Trent’anni fa Giuliano Pisapia è stato arrestato nell’ambito di un’inchiesta su Prima Linea. Se ne può trovare traccia per esempio sull’archivio storico della Stampa, qui e qui. Si scoprono cose incredibili per un supporter del nostro PresConsMin, tipo che a emettere gli ordini di cattura contro i terroristi dell’ultrasinistra è stato un allora giovanissimo procuratore della Repubblica: Armando Spataro. Sì, proprio la toga rossa così aborrita. Mi sa che troppa frequentazione con quei criminali l’ha rovinato. Si scopre anche che Pisapia è figlio di un principe del foro, ma che da giovane aveva idee ben diverse, tanto che scappò di casa, andò a lavorare all’Alfa e si sposò (non so in che ordine), prima di tornare nei ranghi. Ma questa non è roba che fa sangue.
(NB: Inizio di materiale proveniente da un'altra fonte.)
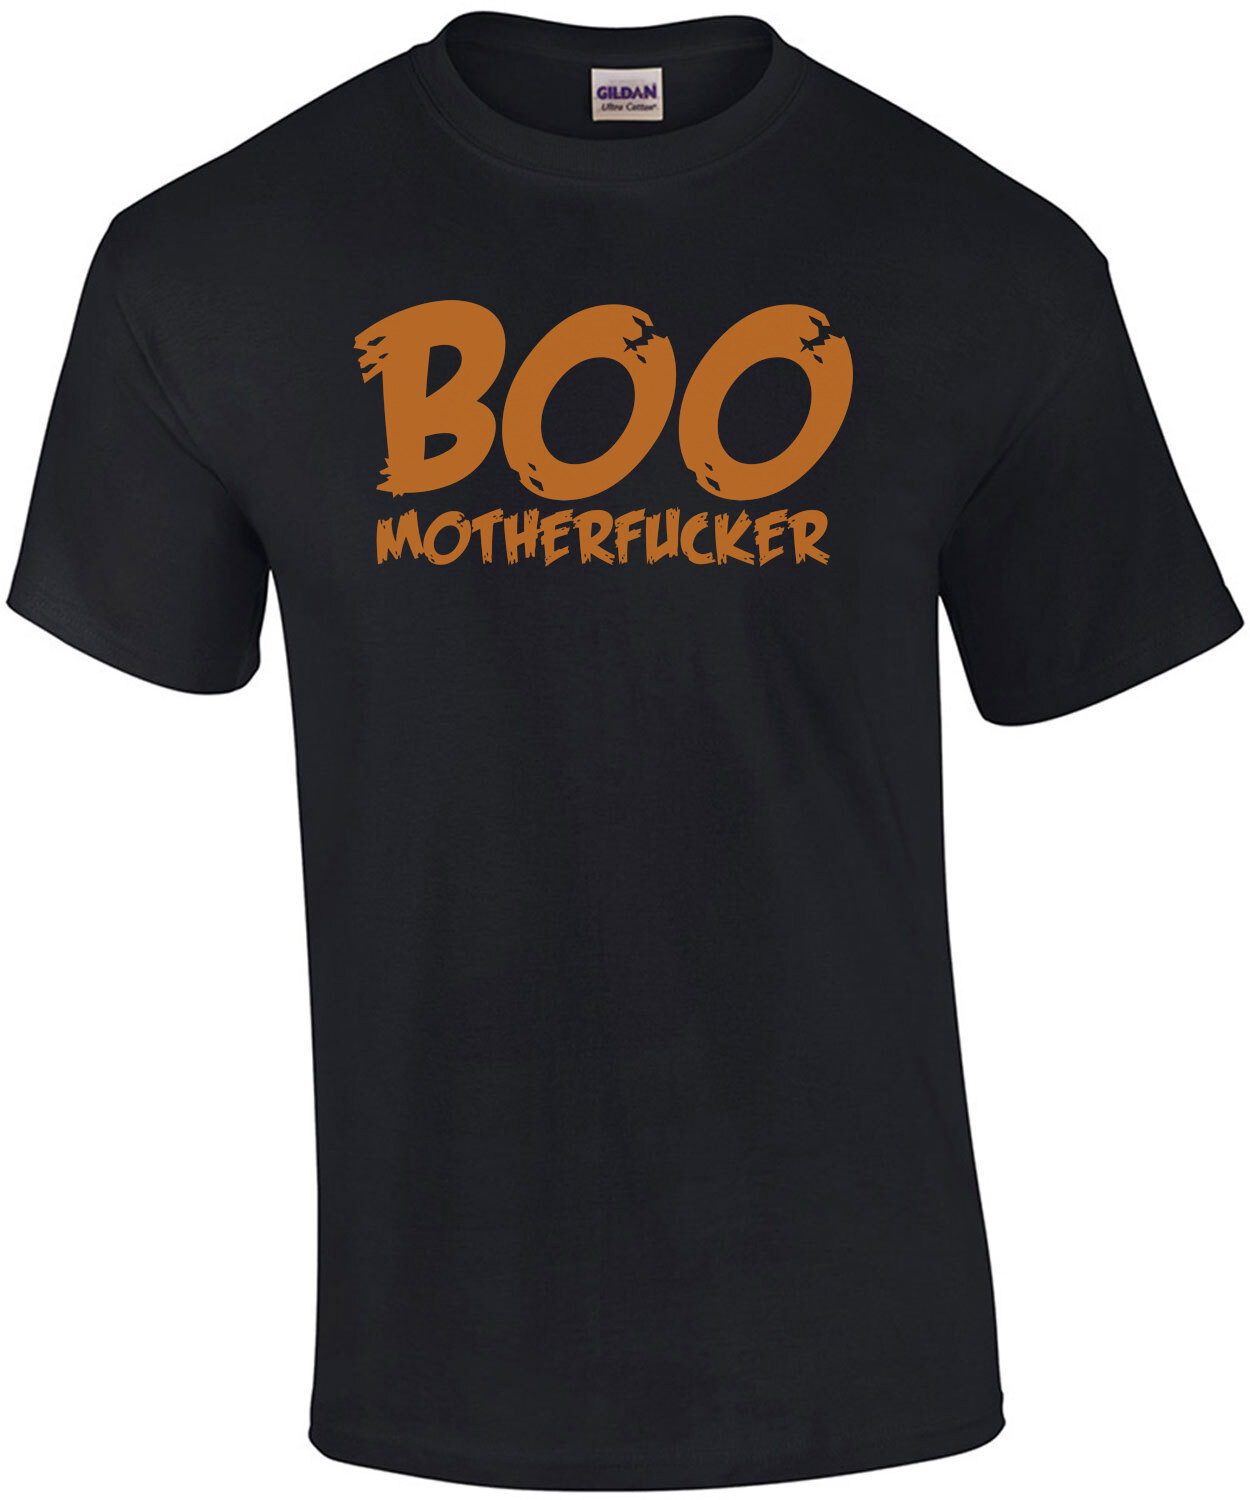 Boo Motherfucker Funny Halloween Shirt

Nello scontro televisivo diretto, Letizia Moratti è andata a recuperare quella notizia, che probabilmente si era tenuta stretta per tutta la campagna elettorale, affermando «La mia esperienza di manager, la mia famiglia confermano ampiamente che sono una persona moderata, a differenza di Pisapia che dalla Corte di Assise è stato giudicato responsabile di un furto di veicolo che sarebbe servito per il sequestro e il pestaggio di un giovane. E’ stato giudicato responsabile e amnistiato. L’amnistia non è assoluzione». (Come? L’amnistia non è assoluzione? Glielo andate voi a dirGlielo?). Pisapia in seguito ha controbattuto che è tutto falso, e in Corte d’Assise d’Appello è stato riconosciuto assolto per non aver commesso il fatto anche dall’accusa di concorso morale in furto, dopo che lui ricorse in appello nonostante l’amnistia.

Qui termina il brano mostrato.